Start at the line below containing "Daring lol print doll coloring pages" and stop at the line containing "American Midcentury Steel". Repeat every line of that stretch exactly, and nothing outside it.

# [Source records]
---*---

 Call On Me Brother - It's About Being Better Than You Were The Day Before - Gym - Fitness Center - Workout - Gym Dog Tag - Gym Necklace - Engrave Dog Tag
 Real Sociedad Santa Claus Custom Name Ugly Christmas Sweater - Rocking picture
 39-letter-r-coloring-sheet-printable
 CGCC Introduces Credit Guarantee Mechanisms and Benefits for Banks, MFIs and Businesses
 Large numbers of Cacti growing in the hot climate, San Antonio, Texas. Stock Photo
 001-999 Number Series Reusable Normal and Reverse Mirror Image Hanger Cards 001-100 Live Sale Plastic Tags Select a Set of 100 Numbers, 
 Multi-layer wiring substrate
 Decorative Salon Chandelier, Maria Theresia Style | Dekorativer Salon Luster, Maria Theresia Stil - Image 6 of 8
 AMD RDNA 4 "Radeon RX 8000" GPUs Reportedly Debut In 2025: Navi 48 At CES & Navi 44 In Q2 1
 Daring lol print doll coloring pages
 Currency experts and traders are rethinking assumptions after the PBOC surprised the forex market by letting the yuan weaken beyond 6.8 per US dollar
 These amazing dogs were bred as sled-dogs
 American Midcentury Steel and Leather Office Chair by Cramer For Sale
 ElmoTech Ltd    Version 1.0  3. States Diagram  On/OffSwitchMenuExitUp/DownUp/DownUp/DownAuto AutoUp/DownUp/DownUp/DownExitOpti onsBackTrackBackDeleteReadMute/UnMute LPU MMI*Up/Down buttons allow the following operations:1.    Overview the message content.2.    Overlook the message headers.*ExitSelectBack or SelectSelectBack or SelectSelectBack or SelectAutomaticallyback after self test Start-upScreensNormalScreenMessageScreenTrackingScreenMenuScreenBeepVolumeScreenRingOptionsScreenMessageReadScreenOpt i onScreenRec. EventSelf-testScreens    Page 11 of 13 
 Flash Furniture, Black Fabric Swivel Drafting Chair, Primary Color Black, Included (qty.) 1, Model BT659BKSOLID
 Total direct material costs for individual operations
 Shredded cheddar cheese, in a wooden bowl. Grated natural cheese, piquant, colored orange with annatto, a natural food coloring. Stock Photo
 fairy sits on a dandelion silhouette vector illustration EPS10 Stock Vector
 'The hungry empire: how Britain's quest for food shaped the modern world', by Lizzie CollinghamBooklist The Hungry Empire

---*---

# [TASK ANSWER]
 Daring lol print doll coloring pages
 Currency experts and traders are rethinking assumptions after the PBOC surprised the forex market by letting the yuan weaken beyond 6.8 per US dollar
 These amazing dogs were bred as sled-dogs
 American Midcentury Steel and Leather Office Chair by Cramer For Sale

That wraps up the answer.